RALEIGH, N.C. (WNCN) — Current Wake County District Attorney Lorrin Freeman easily won May’s Democratic primary race for a third term.
After filing a public records request CBS 17 learned that Freeman’s signature is missing on the very paperwork needed to run for office.
Freeman told CBS 17 the first time she was aware that her signature was missing was when the North Carolina State Board of Elections informed her.
“So, on April 26th the Board of Elections staff contacted me and noticed me that the signature had not been on the form, they provided me with an affidavit to have executed what they indicated would fix that problem and that day I went and did that, had it notarized, and hand-delivered it,” Freeman said.
But that notification from the State Board of Elections came after the March 4 deadline to file for office.
“At all points prior to that the board had given me all indications I had complied with their requirements by listing me as a duly filed candidate and we relied upon that and moved on with our candidacy,” Freeman said.

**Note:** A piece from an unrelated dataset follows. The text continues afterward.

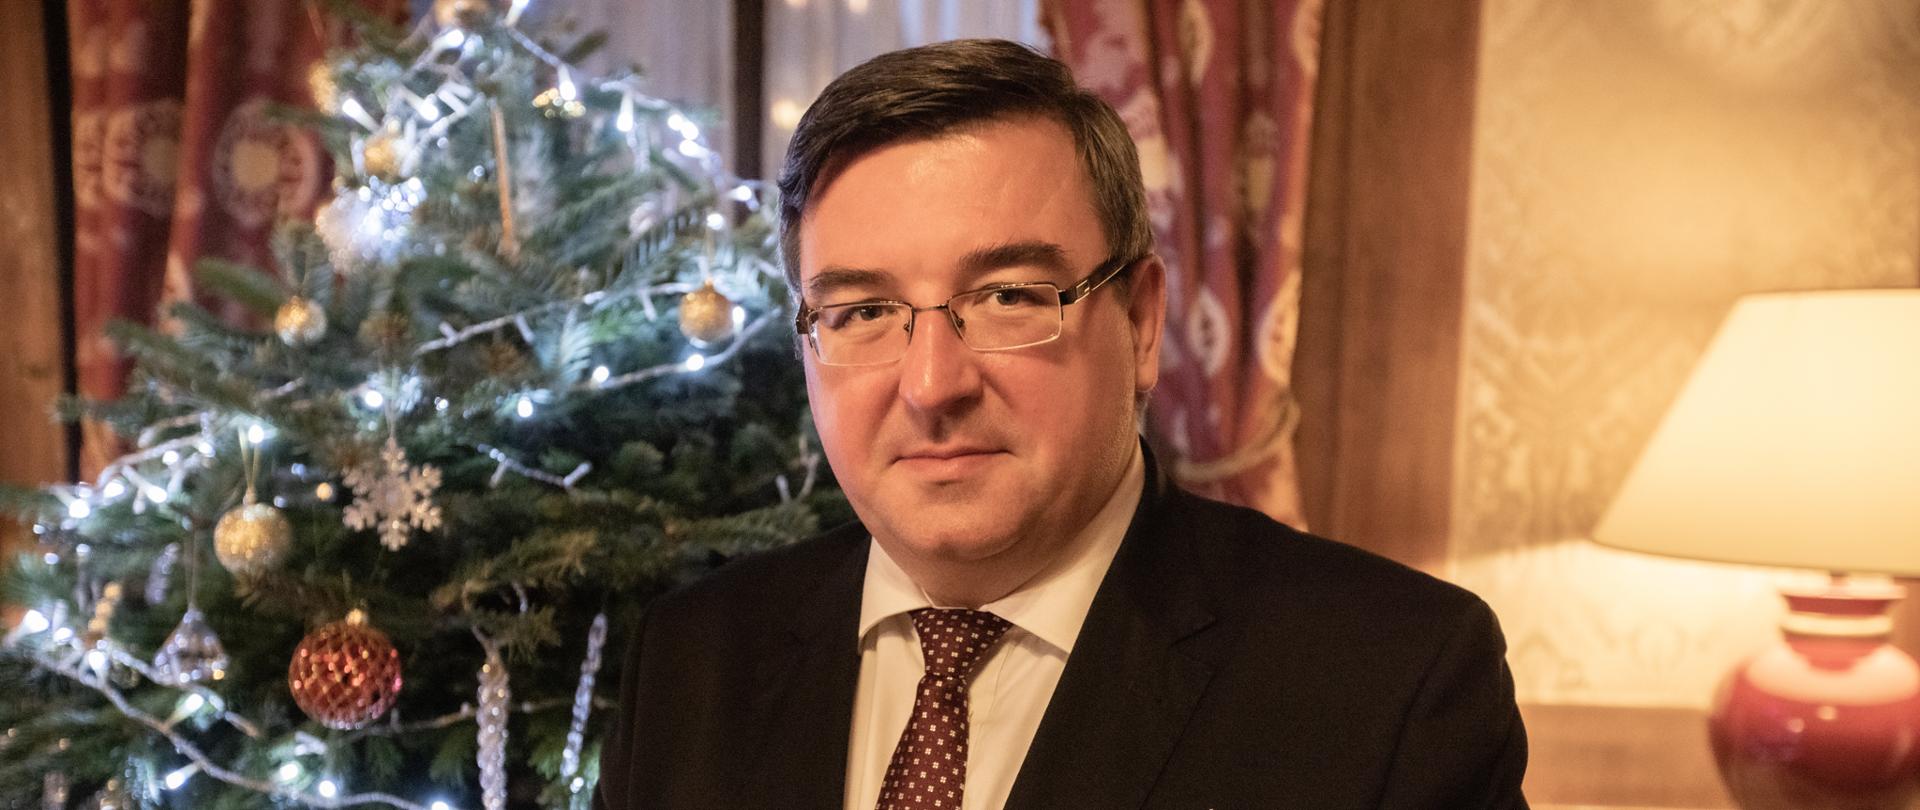 Ambasador Tomasz Młynarski

Not only was Freeman’s original paperwork notarized at the filing site, it was also signed by Gary Sims the executive director of the Wake County Board of Elections. However, Sims said it’s up to the North Carolina State Board of Elections to verify that it’s signed by the candidate.

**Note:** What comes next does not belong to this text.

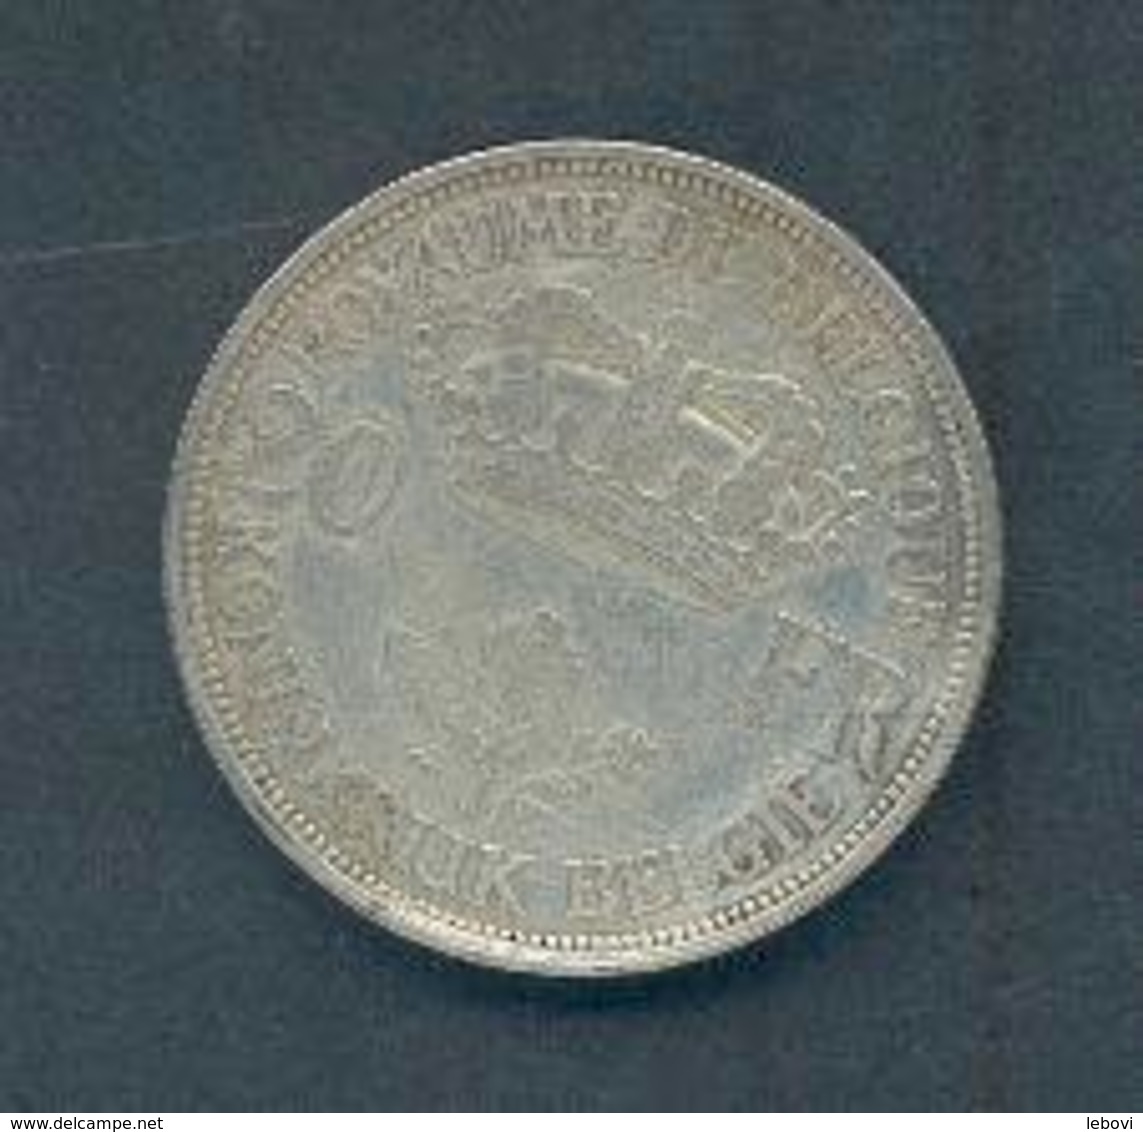 LEOPOLD III – 20 Francs 1934 – Position A - 20 Francs

“We’re not actually filing them. We’re just verifying that the information matches the voter registration and double checking so that way whenever they take it to the State Board of Elections to actually file that piece has already been validated,” said Sims.
Whether the Republican party or someone else challenges Freeman’s candidacy remains to be seen.
Freeman said if she had known about the error earlier she would have taken care of it.
“Certainly had at any point the Board of Elections notified me that our filing needed that to be complete I certainly would have done that but again on the day that I filed we went through multiple steps to comply with their process, pay the filing fee, appeared in person, signature form was notified and we left there with the understanding that we had been duly filed,” Freeman said.
In its response to CBS 17’s request for comment, the North Carolina State Board of Elections took responsibility for the issue.
NCBSE spokesperson Patrick Gannon said “when a candidate files for office with the State Board, typically the candidate sits down with a staff person to complete the filing paperwork together, as was the case with Ms. Freeman. Staff typically notarizes the document after instructing the candidate to sign. Although staff are trained to ensure that all aspects of the filing are complete before accepting the filing, in this instance, it appears that staff overlooked the fact that the signature line had not been filled in but proceeded to accept the filing. Staff later became aware of this error, which was in part due to staff oversight, and contacted the candidate to fix the error.”